» EXERCISE DETAILS
Repeat the listing exactly, line by line, and leave the pictures behind.

» DATASET EXCERPT
-------

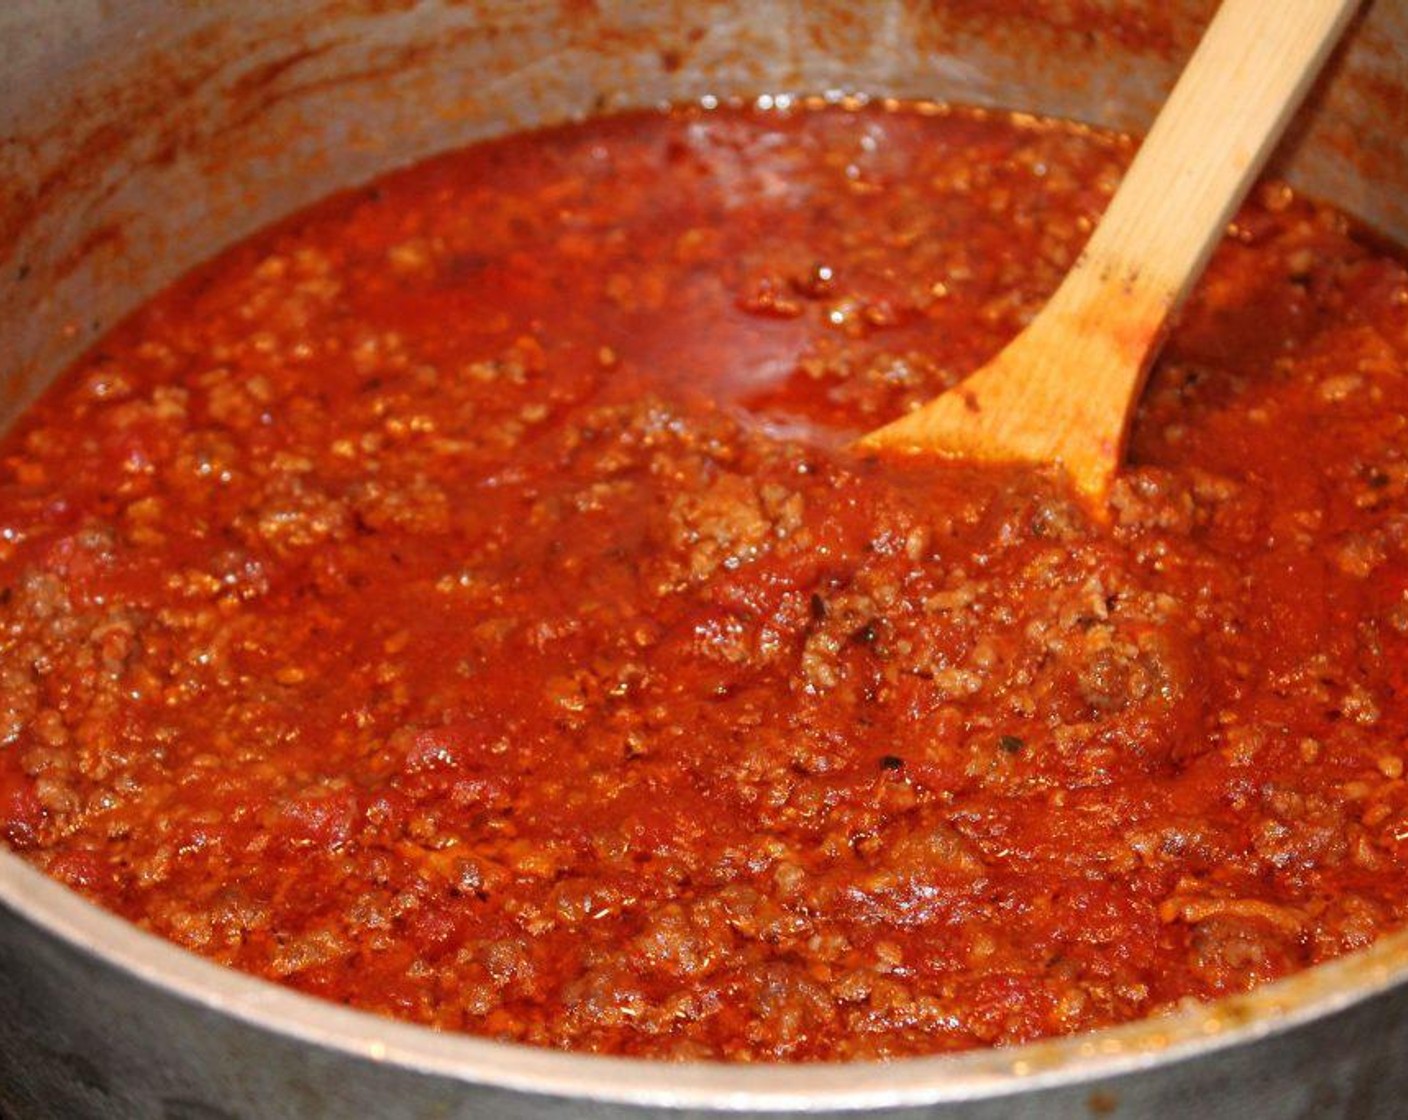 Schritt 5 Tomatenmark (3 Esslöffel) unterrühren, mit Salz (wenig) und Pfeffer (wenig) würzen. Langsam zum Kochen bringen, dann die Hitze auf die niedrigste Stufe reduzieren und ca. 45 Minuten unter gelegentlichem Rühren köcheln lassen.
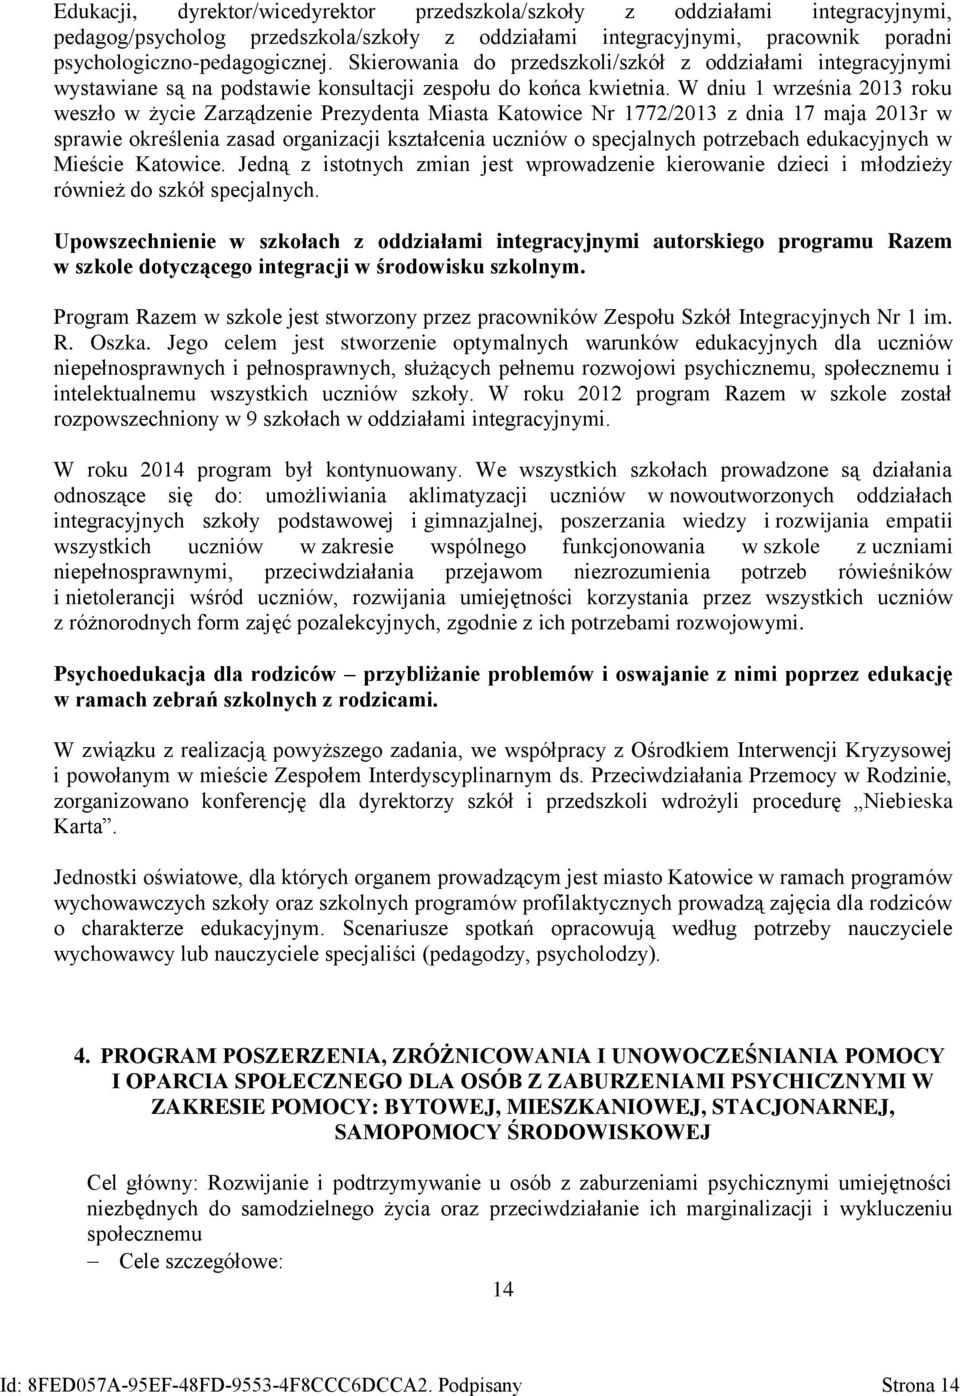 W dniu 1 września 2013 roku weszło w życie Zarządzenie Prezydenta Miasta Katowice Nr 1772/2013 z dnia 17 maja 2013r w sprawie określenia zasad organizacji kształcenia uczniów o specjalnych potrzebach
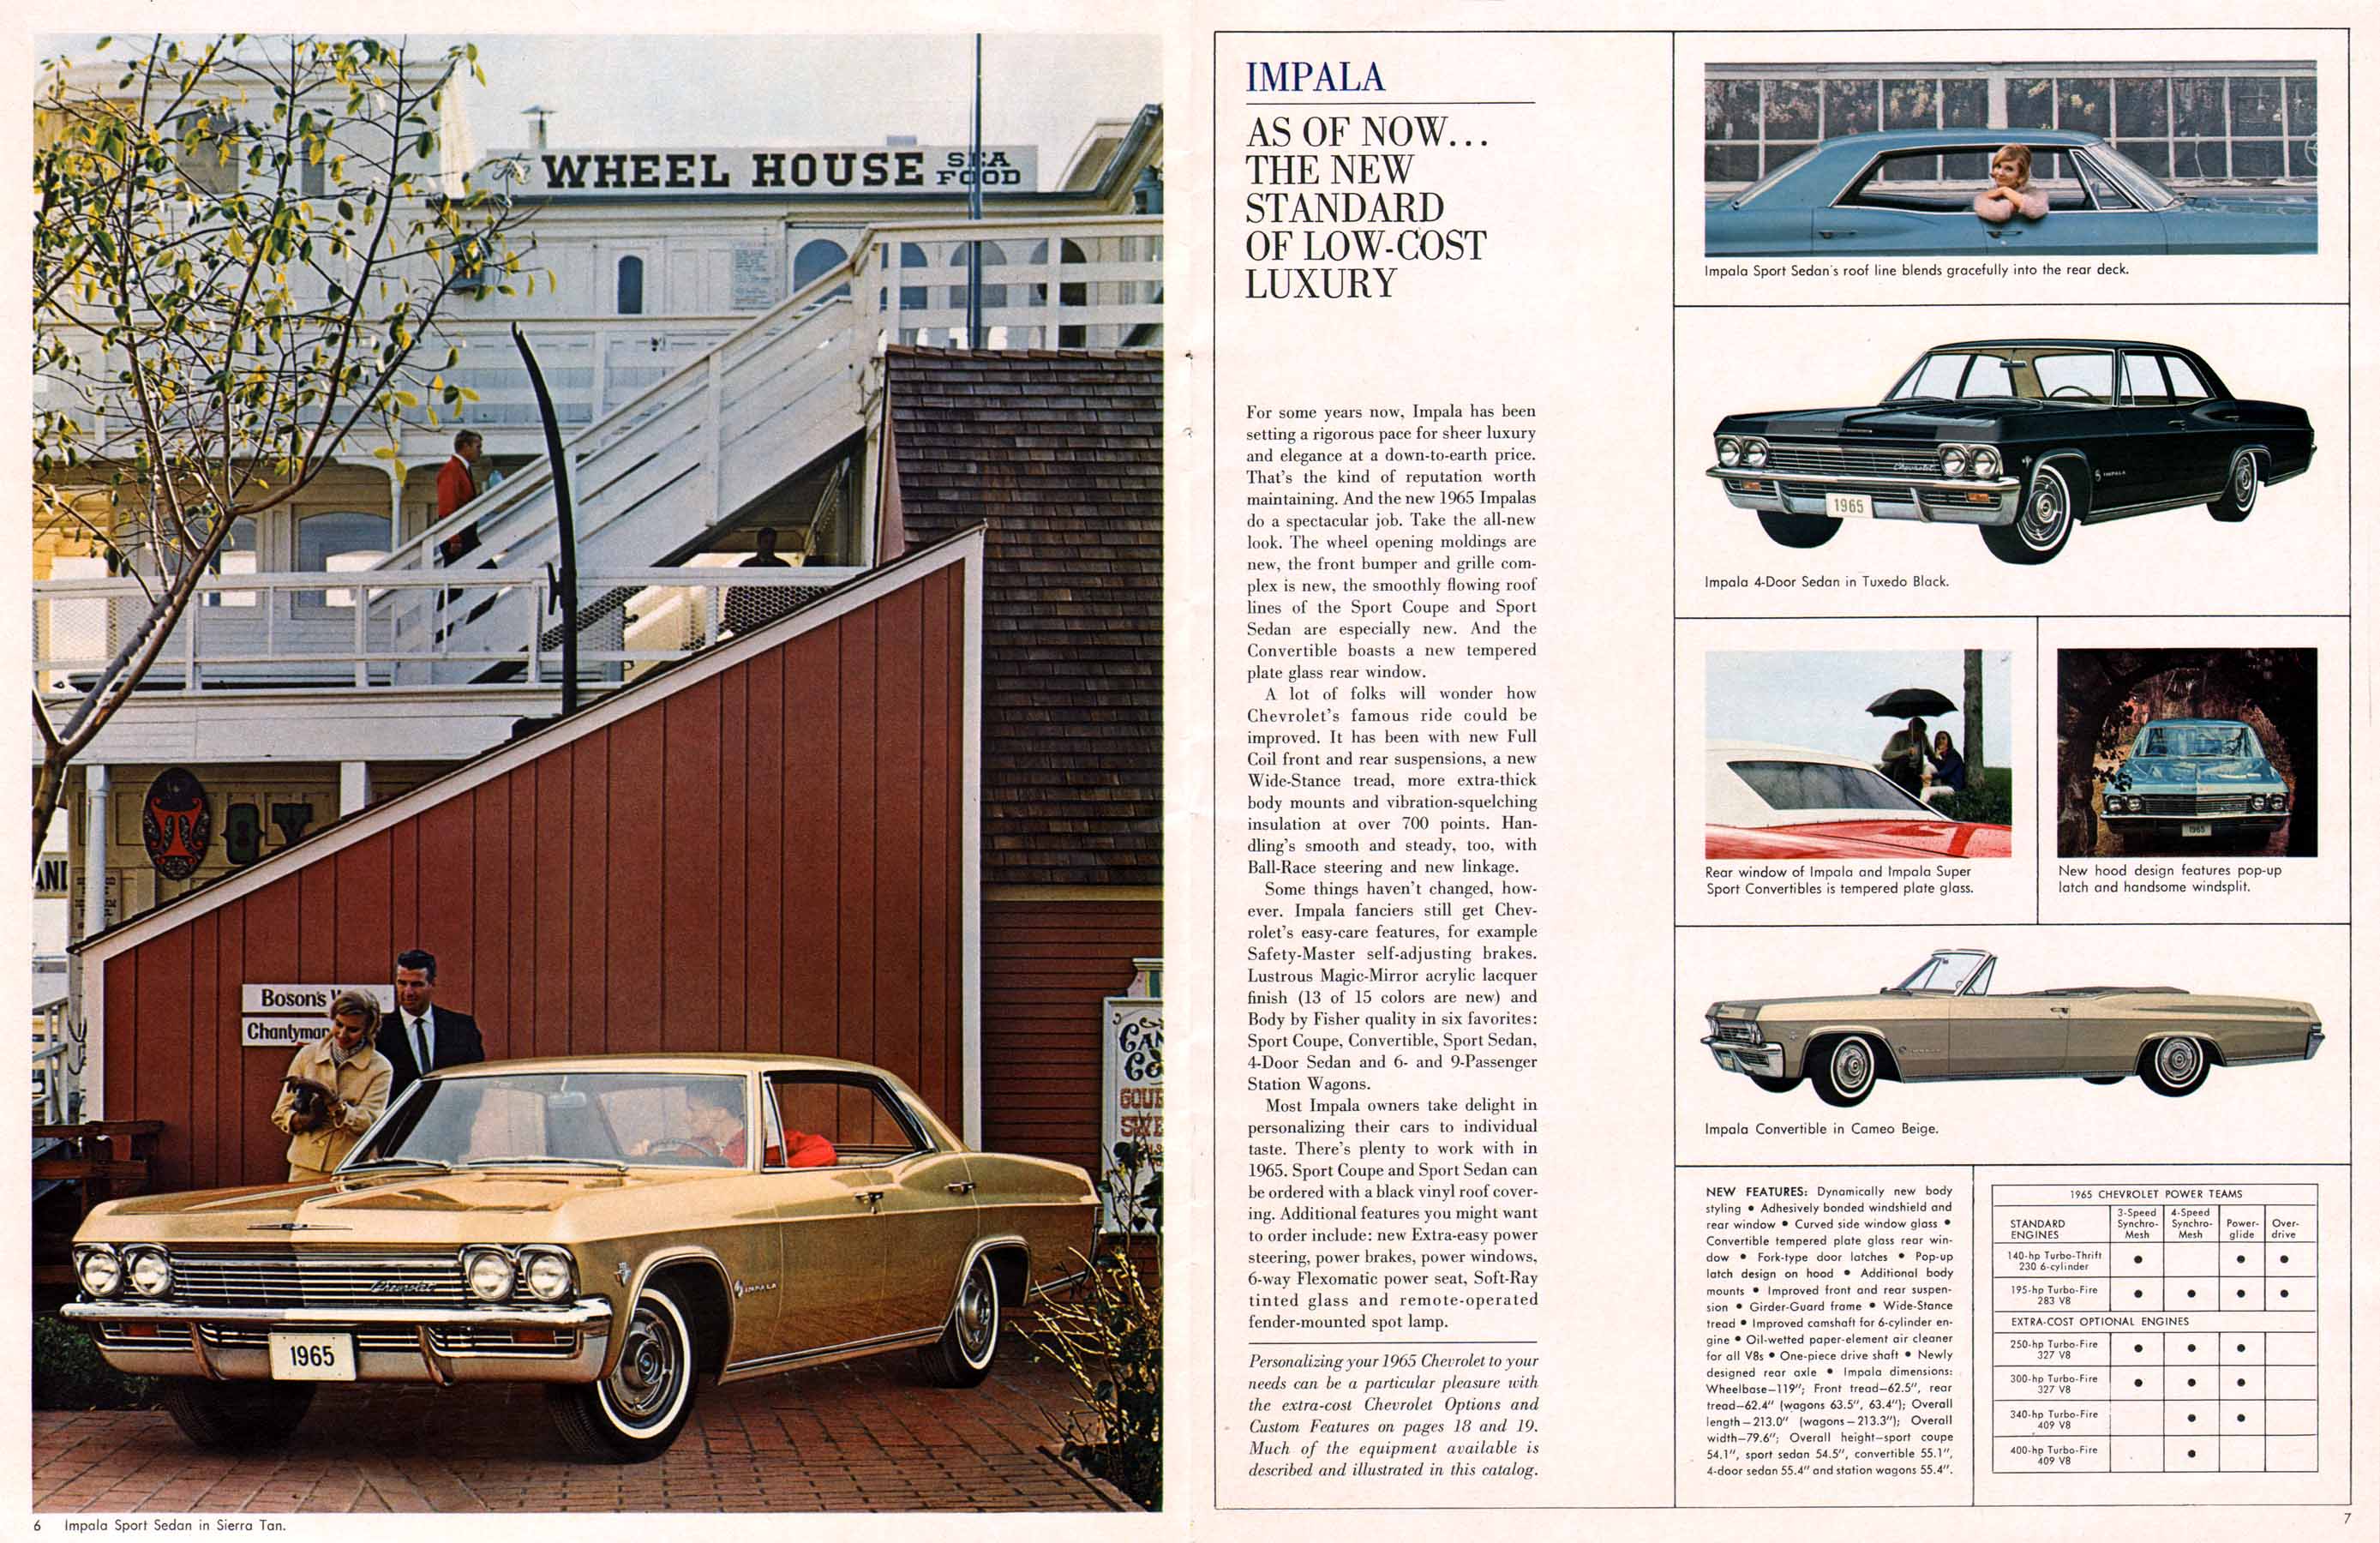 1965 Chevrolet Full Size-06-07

-------

» TASK RESULT
 Schritt 5 Tomatenmark (3 Esslöffel) unterrühren, mit Salz (wenig) und Pfeffer (wenig) würzen. Langsam zum Kochen bringen, dann die Hitze auf die niedrigste Stufe reduzieren und ca. 45 Minuten unter gelegentlichem Rühren köcheln lassen.
 W dniu 1 września 2013 roku weszło w życie Zarządzenie Prezydenta Miasta Katowice Nr 1772/2013 z dnia 17 maja 2013r w sprawie określenia zasad organizacji kształcenia uczniów o specjalnych potrzebach
 1965 Chevrolet Full Size-06-07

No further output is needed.